There’s a great explanation of a vulnerable code path in RTSP processing that potentially leads to remote code execution. All the Depthfirst team needs to do is set up a rogue stream of a period piece movie and/or series, and they can totally pwn me.
Incident Notification to the Maine Attorney General by Meta AI
Meta suffered an AI-related incident in which its “high-touch support” chat agent was abused to grant attackers unauthorized access to social media accounts via password resets. But, my analysis isn’t just about this incident; it’s about how awesome Maine (the state I live in) should be your early warning system.
Basically, when a security breach occurs at companies like Meta AI, they go through a notification process to make sure affected users are aware of the incident. This is especially important when trying to comply with federal and state laws. Maine has some of the strictest requirements for breach notification if any Mainer (yep, that's what we call ourselves) is affected by a breach.
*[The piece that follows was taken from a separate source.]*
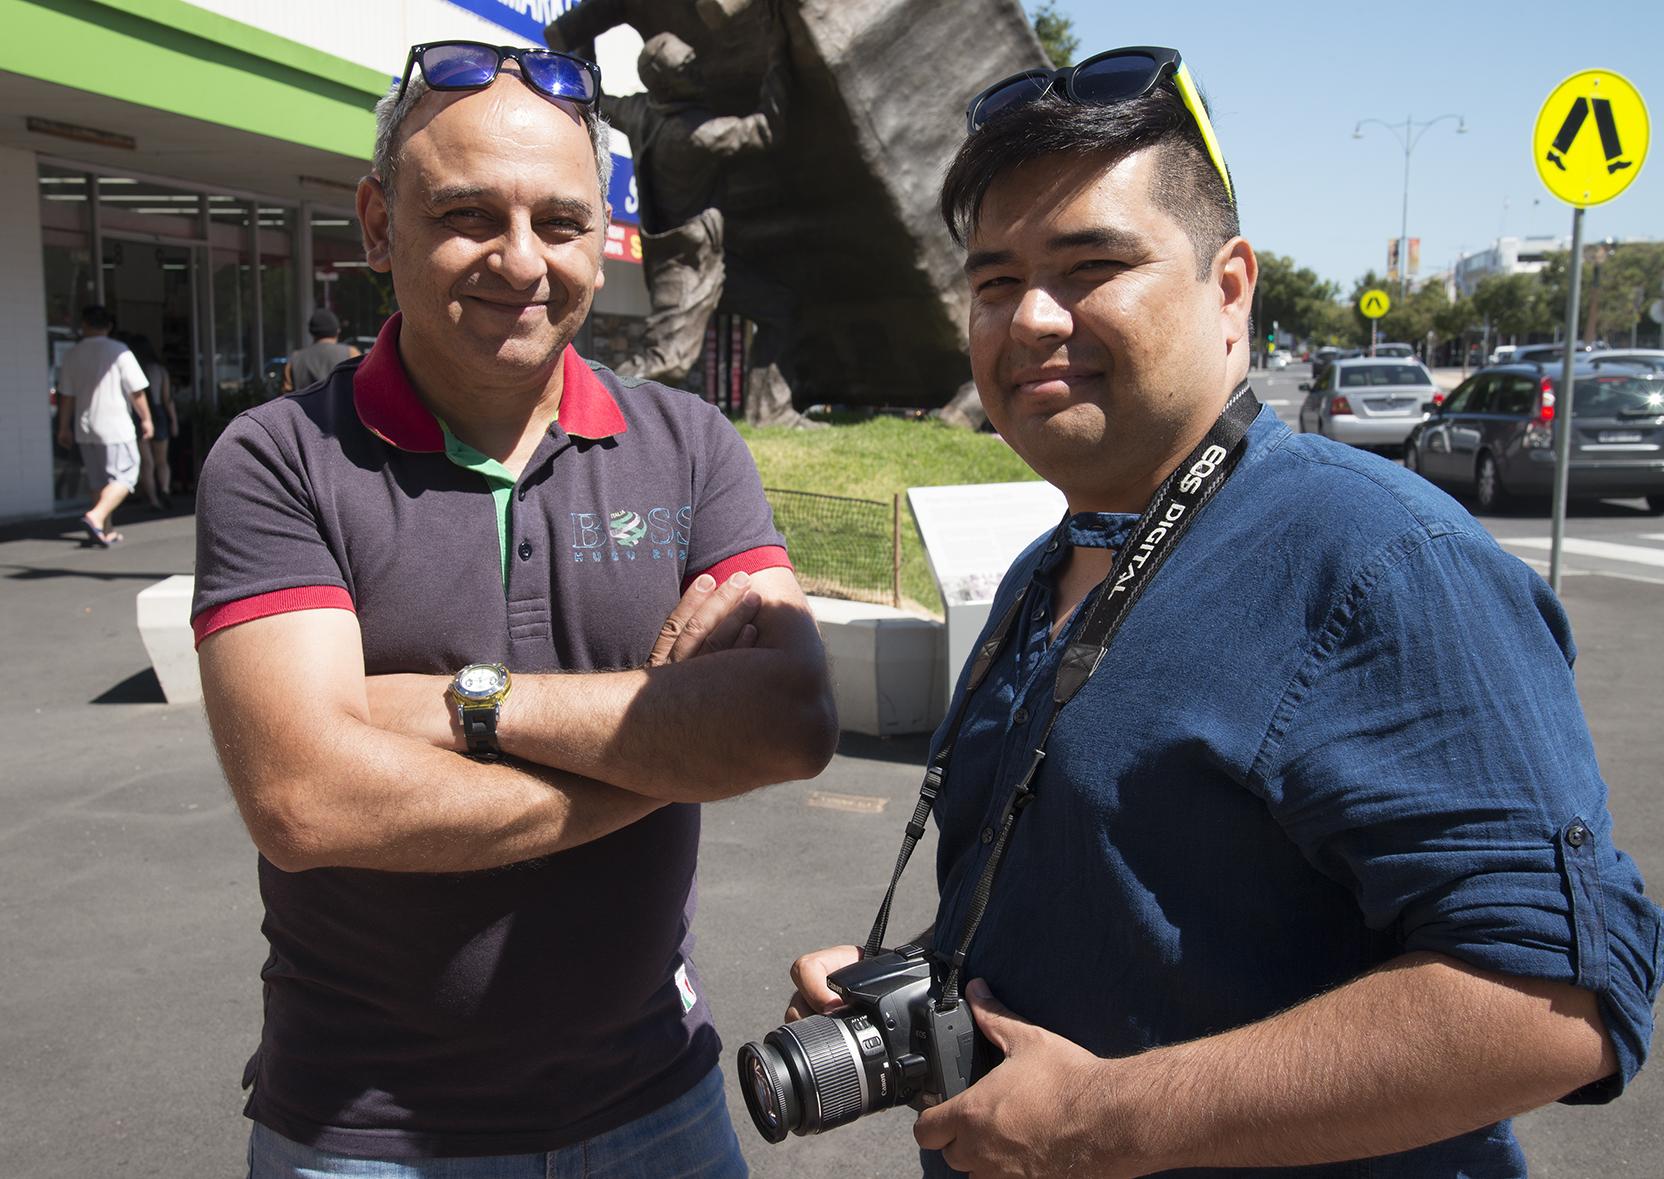 Tadros and Boman, Diversity Through The Lens participants

Here’s what Perplexity cooked up as it did some research on this for me:
Companies must notify affected Maine residents and the Attorney General “as expediently as possible and without unreasonable delay,” which in practice means they cannot sit on a breach for months while they polish a narrative.
If more than 1,000 people are notified, they also have to notify consumer reporting agencies and file a detailed notice with the AG that becomes part of a public record, even if only a handful of those people actually live in Maine.
Notice has to go out as soon as law enforcement says it will not compromise an investigation, with guidance converging on roughly a 30‑day outer bound from discovery, so Maine filings often appear before a company’s national comms and investor disclosures are fully baked.
If you want a live view of the feed, here’s the “Breach Portal” for Maine:
https://www.maine.gov/agviewer/content/ag/985235c7-cb95-4be2-8792-a1252b4f8318/list.html
🔗 Open Source
GitHub link to Bianco’s EvidenceForge project listed in the Gem above. Check out the AGENTS.md file since this is run as a skill within Claude / Codex.
Open-source, Python-based asset discovery framework. It handles host discovery, port scanning, service fingerprinting, and enrichment in a single path, then organizes the results into a single web app. Good fit for attack surface inventory, lab mapping, and quick scoping when you need a clean picture of a subnet or environment.
Handy is essentially a push-to-talk assistant for transcribing your speech into text. It uses local models for the transcription itself. Good for note-taking, but might be super interesting for prompting your coding agent so you can be totally hands-off keyboard.
CarterPerez-dev/exs-cyberjob-scraper
Elixir-based scraper that pulls cybersecurity job postings, filters out the generic “IT” noise, and surfaces which certs show up most often in real roles. If you mentor juniors or run hiring, this is a handy way to sanity‑check which certification signals actually appear in current job ads instead of guessing based on vendor marketing.